Copy every record exactly.
[Opening RECORD EXCERPTS section]
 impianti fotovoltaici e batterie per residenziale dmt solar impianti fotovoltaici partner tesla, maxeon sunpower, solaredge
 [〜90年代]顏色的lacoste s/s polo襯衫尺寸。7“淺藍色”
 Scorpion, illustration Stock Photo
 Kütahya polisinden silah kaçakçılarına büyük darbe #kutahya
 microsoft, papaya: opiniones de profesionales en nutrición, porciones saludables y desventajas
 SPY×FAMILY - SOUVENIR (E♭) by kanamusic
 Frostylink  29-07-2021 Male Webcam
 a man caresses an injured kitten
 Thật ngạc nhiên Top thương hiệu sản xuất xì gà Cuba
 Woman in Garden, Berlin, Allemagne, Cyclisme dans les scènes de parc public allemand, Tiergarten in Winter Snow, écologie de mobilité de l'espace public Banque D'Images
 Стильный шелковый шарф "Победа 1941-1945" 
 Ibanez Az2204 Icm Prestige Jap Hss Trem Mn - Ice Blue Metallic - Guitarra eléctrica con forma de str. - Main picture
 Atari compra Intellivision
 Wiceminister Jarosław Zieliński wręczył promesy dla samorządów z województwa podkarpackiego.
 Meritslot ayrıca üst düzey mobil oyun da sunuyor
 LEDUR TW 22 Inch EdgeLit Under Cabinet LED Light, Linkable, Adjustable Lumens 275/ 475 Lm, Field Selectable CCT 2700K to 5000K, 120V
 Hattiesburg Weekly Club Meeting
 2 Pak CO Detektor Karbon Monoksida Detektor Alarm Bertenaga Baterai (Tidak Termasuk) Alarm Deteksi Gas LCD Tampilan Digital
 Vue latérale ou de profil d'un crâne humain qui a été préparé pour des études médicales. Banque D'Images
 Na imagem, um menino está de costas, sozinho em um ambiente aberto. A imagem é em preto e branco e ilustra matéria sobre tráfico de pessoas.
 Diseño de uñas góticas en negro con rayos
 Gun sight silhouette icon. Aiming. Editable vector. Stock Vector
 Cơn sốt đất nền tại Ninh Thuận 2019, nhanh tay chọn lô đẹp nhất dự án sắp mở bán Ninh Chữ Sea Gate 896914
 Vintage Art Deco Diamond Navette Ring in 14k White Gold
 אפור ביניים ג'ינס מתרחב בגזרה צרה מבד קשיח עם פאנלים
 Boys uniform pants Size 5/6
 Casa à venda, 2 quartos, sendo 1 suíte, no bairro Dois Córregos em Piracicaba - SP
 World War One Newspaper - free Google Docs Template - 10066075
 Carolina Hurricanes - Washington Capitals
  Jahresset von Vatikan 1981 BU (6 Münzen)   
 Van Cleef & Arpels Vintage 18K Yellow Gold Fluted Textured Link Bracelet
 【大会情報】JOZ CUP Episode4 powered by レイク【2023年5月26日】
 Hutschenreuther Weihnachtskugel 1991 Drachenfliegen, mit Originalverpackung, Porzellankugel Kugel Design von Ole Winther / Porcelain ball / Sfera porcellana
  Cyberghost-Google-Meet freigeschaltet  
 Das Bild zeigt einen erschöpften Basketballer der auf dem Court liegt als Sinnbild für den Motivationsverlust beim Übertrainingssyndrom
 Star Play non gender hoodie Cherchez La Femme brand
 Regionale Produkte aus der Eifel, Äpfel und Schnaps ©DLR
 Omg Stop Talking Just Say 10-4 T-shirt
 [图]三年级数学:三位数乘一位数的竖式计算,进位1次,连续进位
[Closing RECORD EXCERPTS section]
EXERCISE RESPONSE:
 impianti fotovoltaici e batterie per residenziale dmt solar impianti fotovoltaici partner tesla, maxeon sunpower, solaredge
 [〜90年代]顏色的lacoste s/s polo襯衫尺寸。7“淺藍色”
 Scorpion, illustration Stock Photo
 Kütahya polisinden silah kaçakçılarına büyük darbe #kutahya
 microsoft, papaya: opiniones de profesionales en nutrición, porciones saludables y desventajas
 SPY×FAMILY - SOUVENIR (E♭) by kanamusic
 Frostylink  29-07-2021 Male Webcam
 a man caresses an injured kitten
 Thật ngạc nhiên Top thương hiệu sản xuất xì gà Cuba
 Woman in Garden, Berlin, Allemagne, Cyclisme dans les scènes de parc public allemand, Tiergarten in Winter Snow, écologie de mobilité de l'espace public Banque D'Images
 Стильный шелковый шарф "Победа 1941-1945" 
 Ibanez Az2204 Icm Prestige Jap Hss Trem Mn - Ice Blue Metallic - Guitarra eléctrica con forma de str. - Main picture
 Atari compra Intellivision
 Wiceminister Jarosław Zieliński wręczył promesy dla samorządów z województwa podkarpackiego.
 Meritslot ayrıca üst düzey mobil oyun da sunuyor
 LEDUR TW 22 Inch EdgeLit Under Cabinet LED Light, Linkable, Adjustable Lumens 275/ 475 Lm, Field Selectable CCT 2700K to 5000K, 120V
 Hattiesburg Weekly Club Meeting
 2 Pak CO Detektor Karbon Monoksida Detektor Alarm Bertenaga Baterai (Tidak Termasuk) Alarm Deteksi Gas LCD Tampilan Digital
 Vue latérale ou de profil d'un crâne humain qui a été préparé pour des études médicales. Banque D'Images
 Na imagem, um menino está de costas, sozinho em um ambiente aberto. A imagem é em preto e branco e ilustra matéria sobre tráfico de pessoas.
 Diseño de uñas góticas en negro con rayos
 Gun sight silhouette icon. Aiming. Editable vector. Stock Vector
 Cơn sốt đất nền tại Ninh Thuận 2019, nhanh tay chọn lô đẹp nhất dự án sắp mở bán Ninh Chữ Sea Gate 896914
 Vintage Art Deco Diamond Navette Ring in 14k White Gold
 אפור ביניים ג'ינס מתרחב בגזרה צרה מבד קשיח עם פאנלים
 Boys uniform pants Size 5/6
 Casa à venda, 2 quartos, sendo 1 suíte, no bairro Dois Córregos em Piracicaba - SP
 World War One Newspaper - free Google Docs Template - 10066075
 Carolina Hurricanes - Washington Capitals
  Jahresset von Vatikan 1981 BU (6 Münzen)   
 Van Cleef & Arpels Vintage 18K Yellow Gold Fluted Textured Link Bracelet
 【大会情報】JOZ CUP Episode4 powered by レイク【2023年5月26日】
 Hutschenreuther Weihnachtskugel 1991 Drachenfliegen, mit Originalverpackung, Porzellankugel Kugel Design von Ole Winther / Porcelain ball / Sfera porcellana
  Cyberghost-Google-Meet freigeschaltet  
 Das Bild zeigt einen erschöpften Basketballer der auf dem Court liegt als Sinnbild für den Motivationsverlust beim Übertrainingssyndrom
 Star Play non gender hoodie Cherchez La Femme brand
 Regionale Produkte aus der Eifel, Äpfel und Schnaps ©DLR
 Omg Stop Talking Just Say 10-4 T-shirt
 [图]三年级数学:三位数乘一位数的竖式计算,进位1次,连续进位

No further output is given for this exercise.